Große Unterschiede in Bayern

So gut wie in Ingolstadt läuft es nicht überall in Bayern. Schon bei der finanziellen Ausstattung der Vertretungen gibt es große Unterschiede. Vielerorts stehen zwischen 2.000 und 5.000 Euro zur Verfügung. Oft fehle das Interesse der Jugendlichen, berichtet Parlamentarierin Veronika Droth aus Fürstenfeldbruck.

Oft wissen die jungen Menschen gar nicht, dass es eine Jugendvertretung gibt: "Ich glaube, wir sind noch nicht ganz präsent in den Köpfen der Jugendlichen. Wir müssen ihnen noch klar machen, dass wir ihr Ansprechpartner für die Stadt sind", meint sie. Dafür wollen die Fürstenfeldbrucker Parlamentarier künftig eine Art Büro direkt an einem Gelände haben, das der Jugend zur Freizeitgestaltung dient. So wollen sie direkt sichtbar sein und klar machen: Auch junge Menschen haben in der Politik eine Stimme.

Gute Erfahrungen haben die jugendlichen Vertreter in Erlangen mit den Schulen gemacht. Dort gehen sie regelmäßig hin und machen auf die Arbeit des Jugendparlaments aufmerksam. Denn Jugendvertretungen können etwas bewirken.
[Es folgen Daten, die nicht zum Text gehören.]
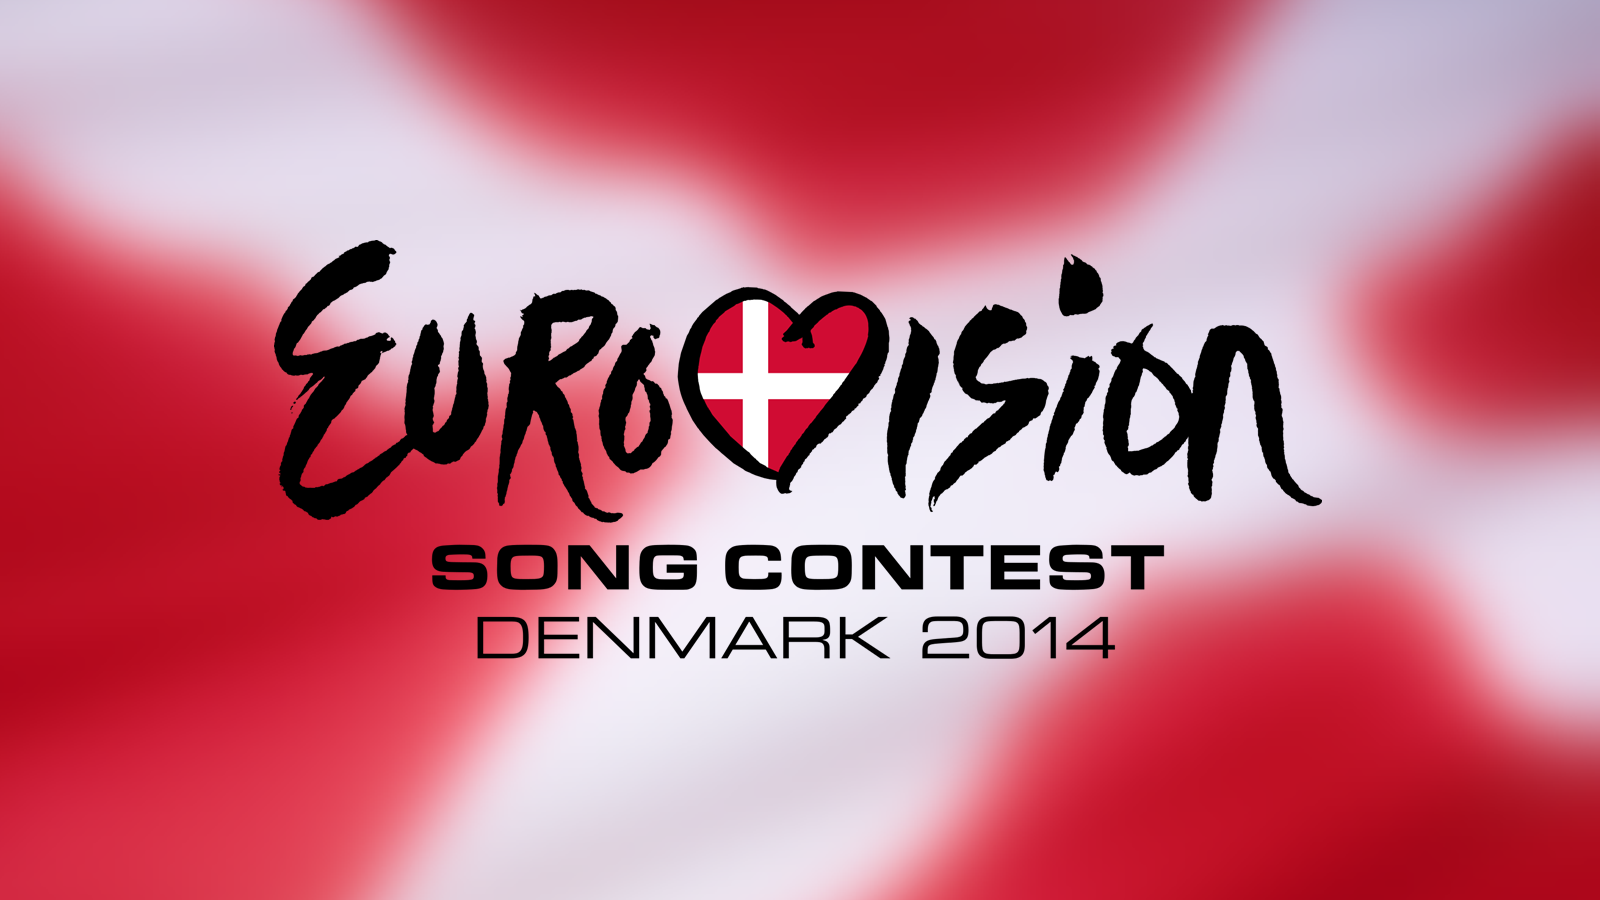 Αλλάζουν οι κανονισμοί στη Eurovision

Projekte für die Jugend verwirklichen

Über die Jugendvertretungen haben die Jugendlichen die Chance, Projekte, die ihnen am Herzen liegen, zu verwirklichen. "Einmal gibt es die Möglichkeit, einen Antrag zu stellen, dieser wird dann an die Stadt übergeben und an die zuständigen Ämter", berichtet Aron Gabriel vom Jugendparlament in Ingolstadt. Darüber hinaus können sie mit ihrem Etat auch eigenständig Projekte finanzieren.

Von den Kommunen fühlen sich die weitaus meisten ernst genommen, berichten junge Parlamentarier aus Neuendettelsau, Erlangen und Mühldorf - das sei ein wichtiger Aspekt, findet der Bayerische Jugendring (BJR). Essentiell für den Erfolg der Jugendparlamente sei es, dass die Rahmenbedingungen stimmten.

Es sei wichtig, dass junge Menschen selbst und unabhängig von Politik und Verwaltung über Rahmenbedingungen, Arbeitsweisen und Themen entscheiden könnten. So kann es gelingen, dass sich Jugendparlamente über Jahrzehnte erfolgreich halten, wie in Moosburg, Pfaffenhofen an der Ilm oder Erlangen. Doch gerade in den vergangenen Jahren haben einige Vertretungen aufgegeben.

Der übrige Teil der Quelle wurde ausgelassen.